La sociolinguista Vera Gheno.

C’è un settore della lingua molto ricco e interessante da studiare che è quello delle parole che feriscono. […] Quelle più semplici, sia da individuare che da evitare, sono quelle esplicitamente offensive: insulti, epiteti, termini volgari, bestemmie. Sono così evidenti che possono essere facilmente “flaggate”1 in rete da filtri che ne impediranno la pubblicazione, ma anche in questo caso apparentemente lampante possono succedere incidenti: potrebbe capitare che un omosessuale che usa scherzosamente il termine “frocio” per autodefinirsi venga bloccato da Facebook per “hate speech”,2 perché il sistema, o chi controlla, non è in grado di comprendere l’uso ironico del termine.
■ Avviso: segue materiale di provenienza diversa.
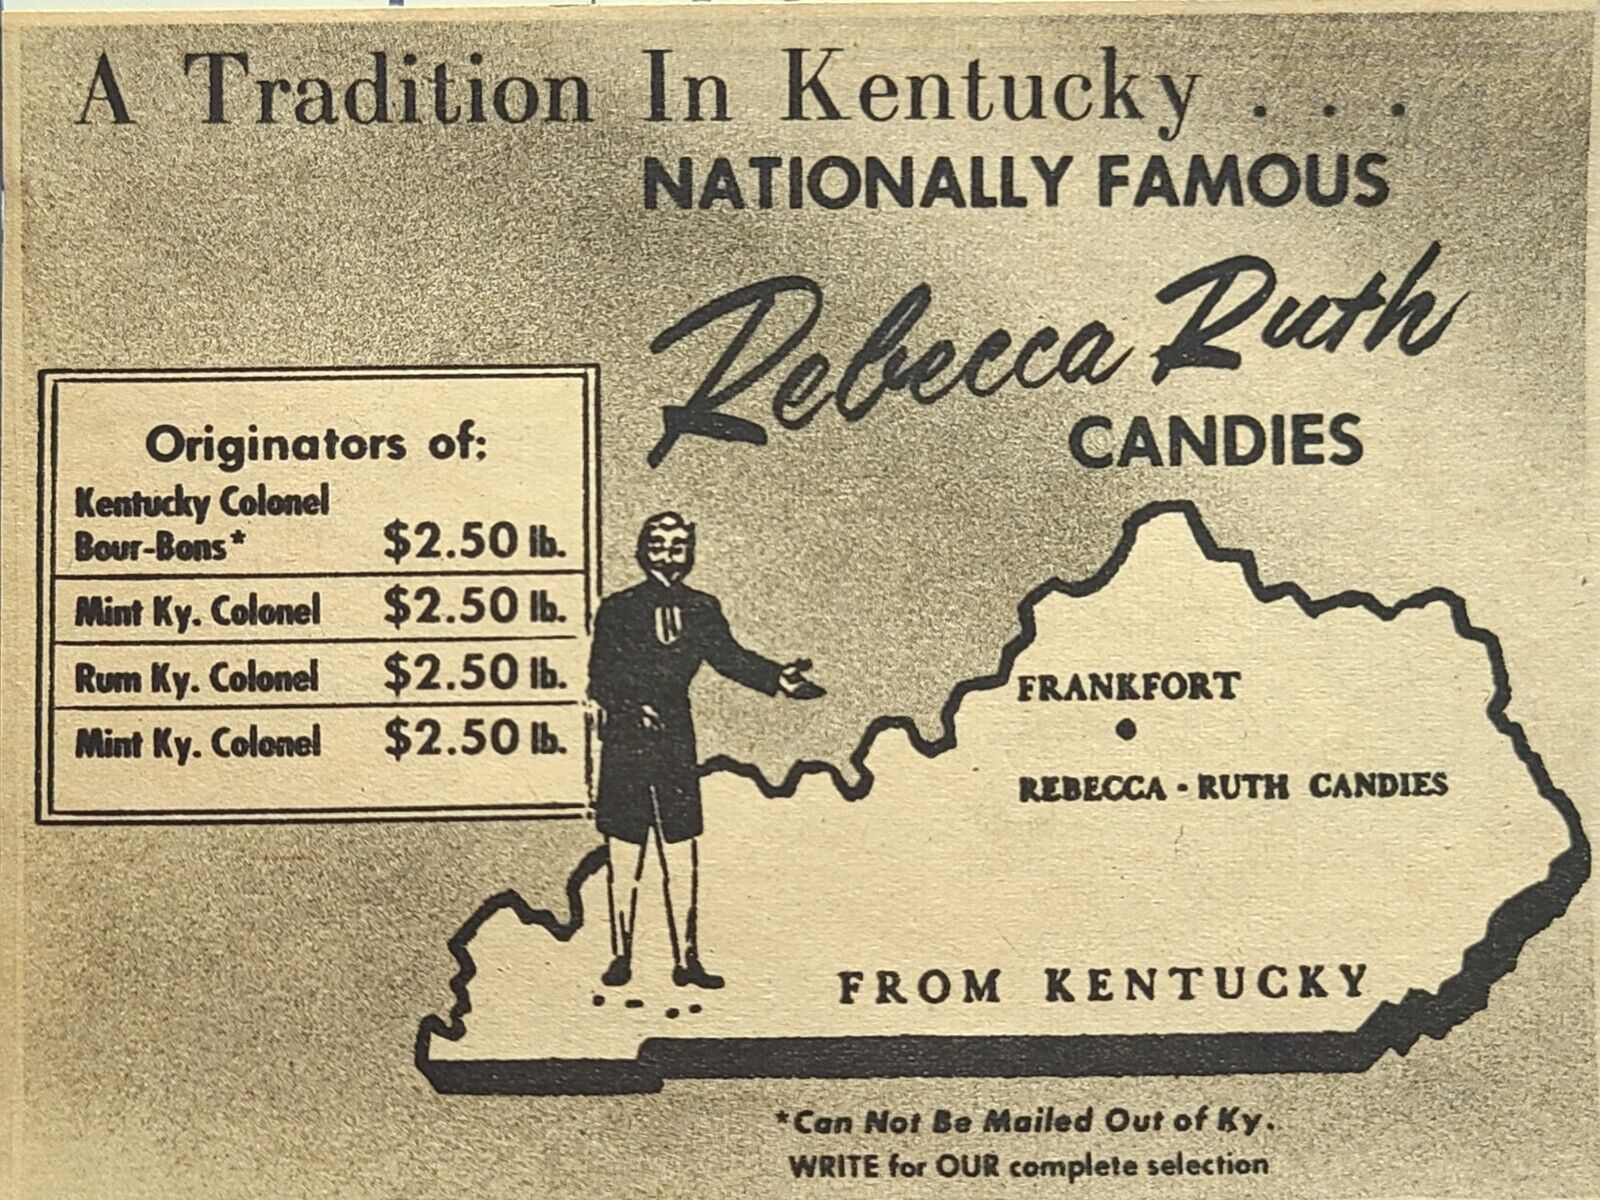 Rebecca-Ruth Candies Frankfort KY Nationally Famous Vintage Print Ad 1960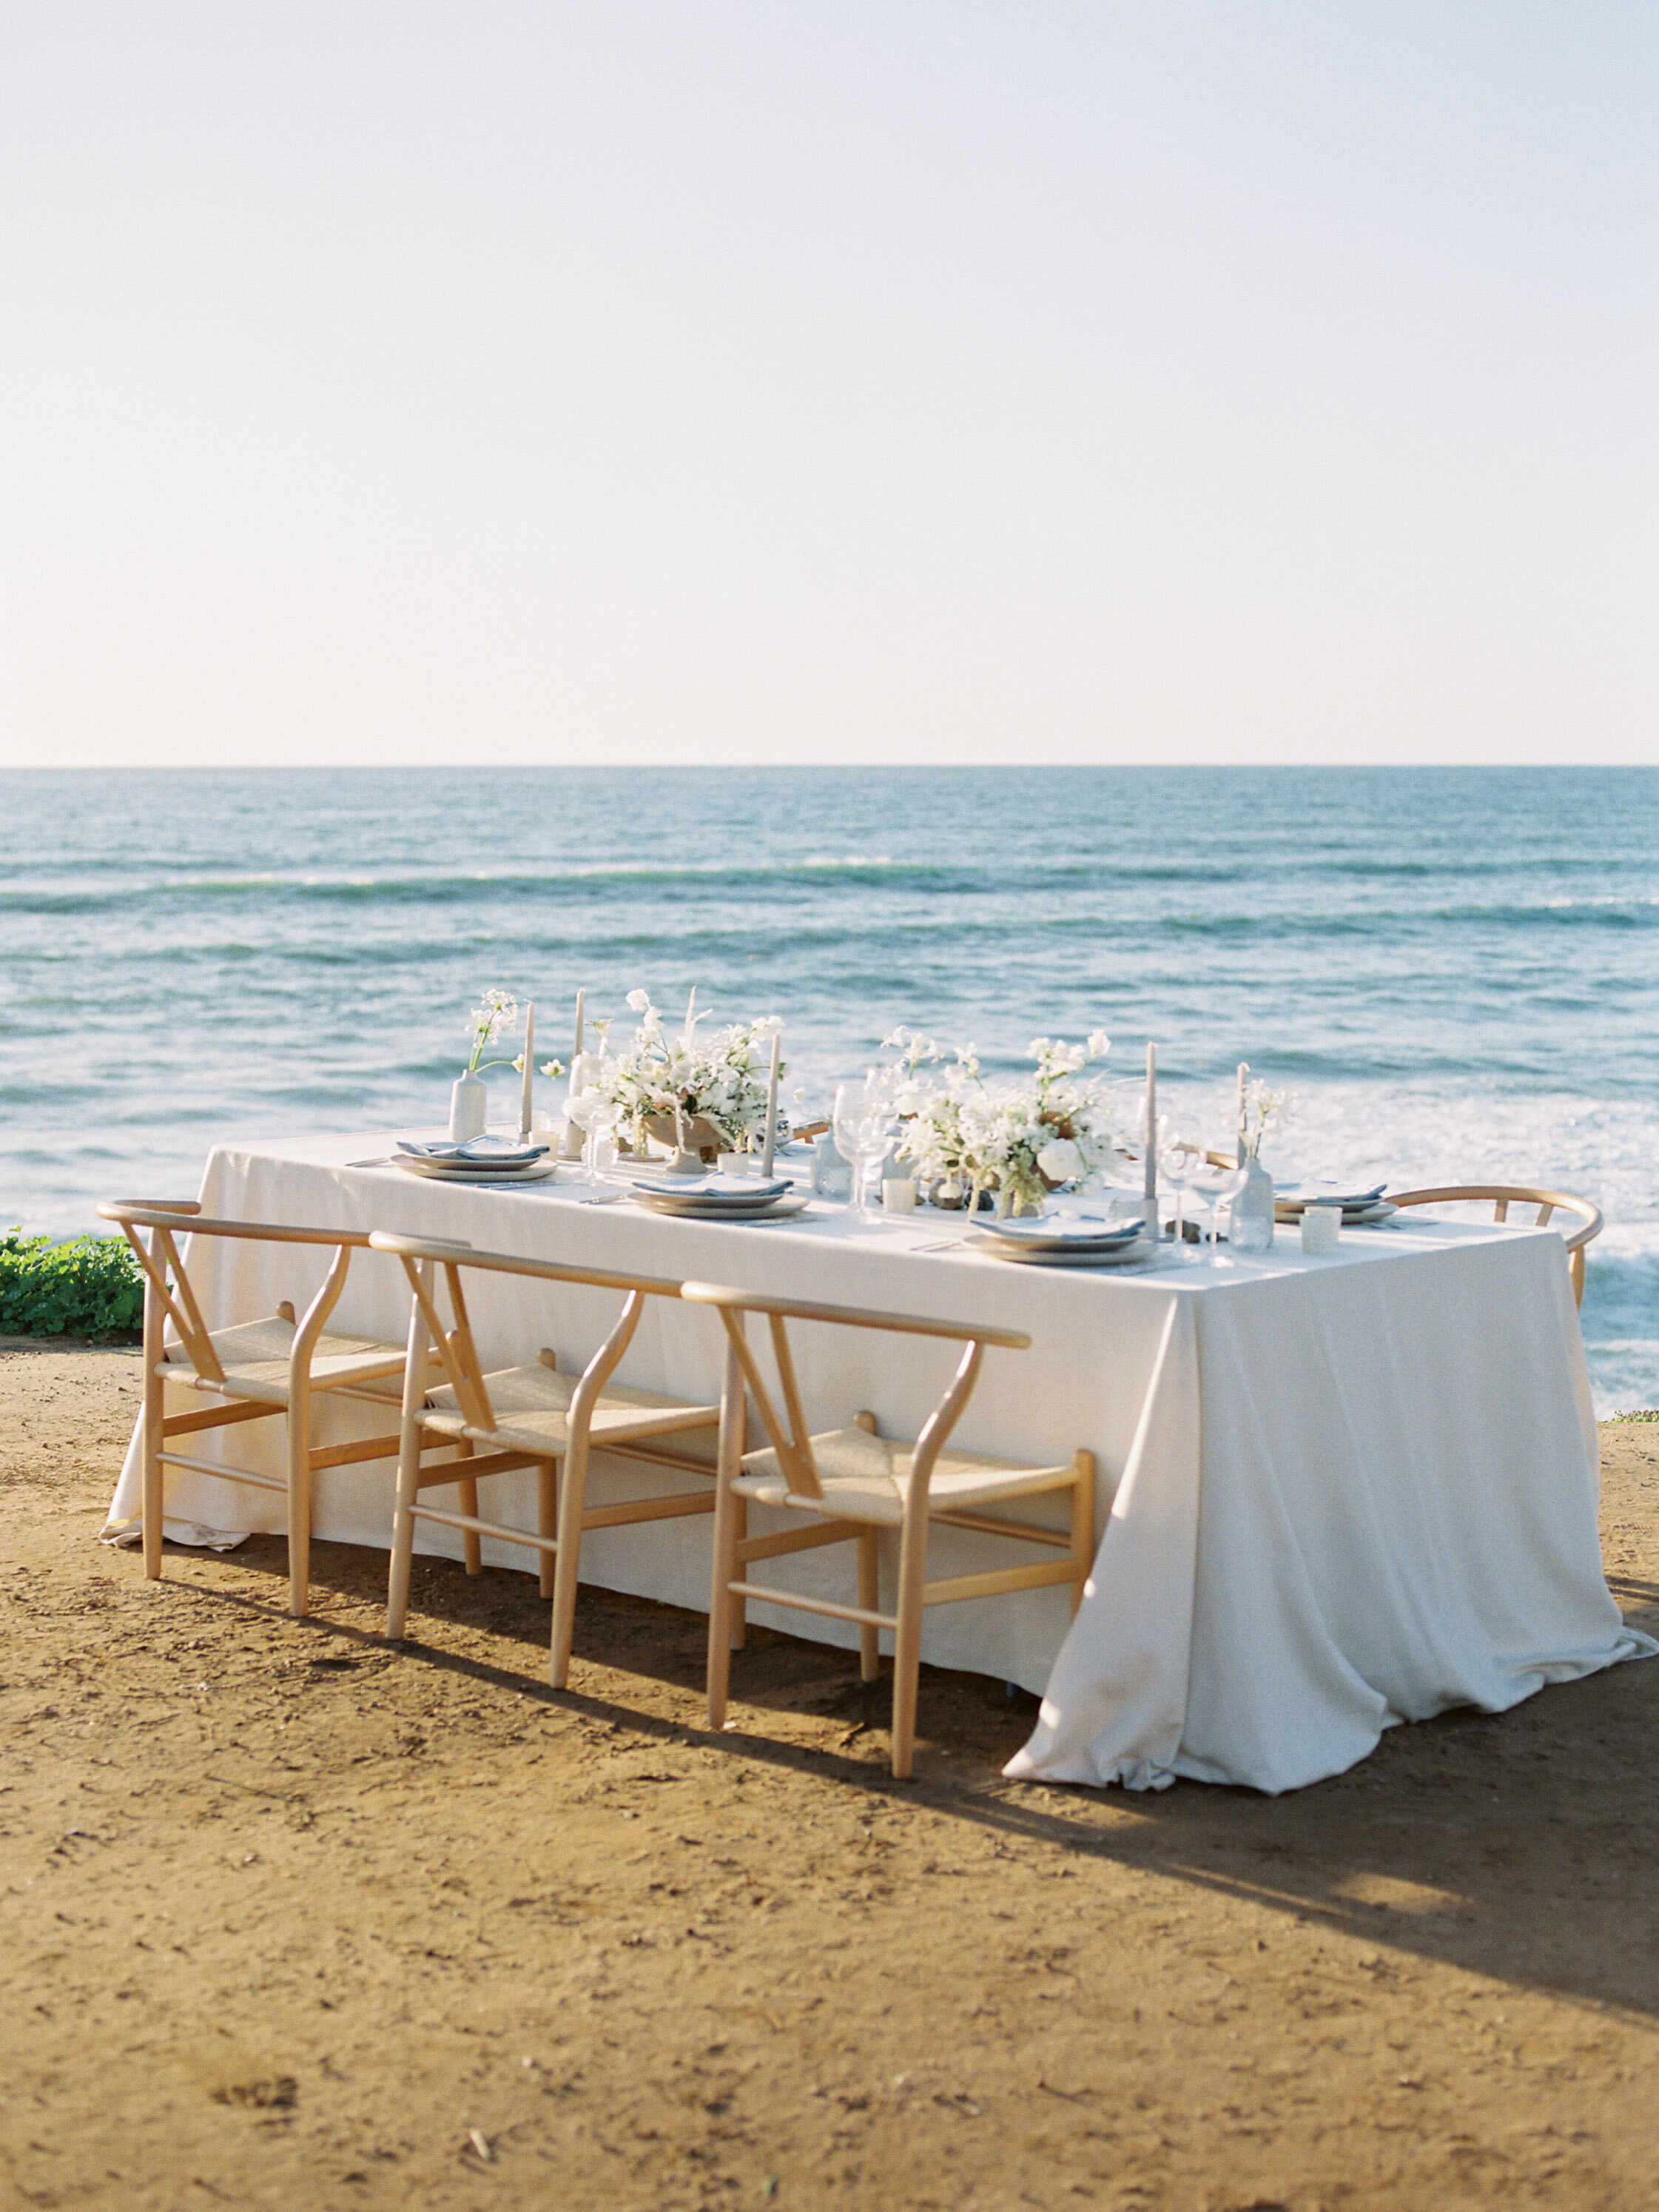 Elegant ocean inspired wedding with blue wedding dress and white tux on film at the Sunset Cliffs in San Diego California by Liz Andolina Photography

Insomma, dobbiamo considerare anche il settore delle parole che sarebbero offensive, ma che se usate in un certo modo possono anche non esserlo: nigger, se usato da un’azienda nel nome di uno smalto di colore nero (Thick as a nigger, per l’esattezza), risulta estremamente offensivo; se impiegato da una persona di colore, ad esempio un rapper, diventa invece una rivendicazione di orgoglio razziale. Insomma, non conta solo il contesto, ma anche l’atteggiamento.

1 “flaggate”: contrassegnate con un flag, ovvero con un segno di spunta.
2 “hate speech”: in inglese, espressione di odio, rivolta tramite mezzi di comunicazione, contro individui o intere fasce di popolazione (immigrati, omosessuali, fedeli di altre religioni, disabili ecc.).

Non si possono avere certezze che una parola apparentemente offensiva sia usata per offendere, ma nemmeno che una parola non offensiva non venga usata per offendere. Questo è in parte il limite del cosiddetto “politicamente corretto”: si pensa che la scelta di una parola non offensiva possa persino neutralizzare un’attitudine negativa. Ma non è che un razzista diventi meno razzista se usa “afroamericano” invece di “negro”, anche se è vero che l’uso delle parole più corrette può contribuire a modificare, seppur lentamente, l’opinione pubblica.

Un collage moderno composto da elementi astratti e figurativi. A sinistra, una bocca aperta in bianco e nero, ritagliata in una forma irregolare, domina la scena. Lo sfondo è diviso in tre sezioni principali: una in tonalità beige; una in tonalità beige con una texture che ricorda la tela e una in blu acceso. Una linea irregolare e frammentata di colore nero attraversa diagonalmente la parte inferiore dell'immagine, creando un contrasto visivo. L'insieme trasmette un senso di espressività e dinamismo.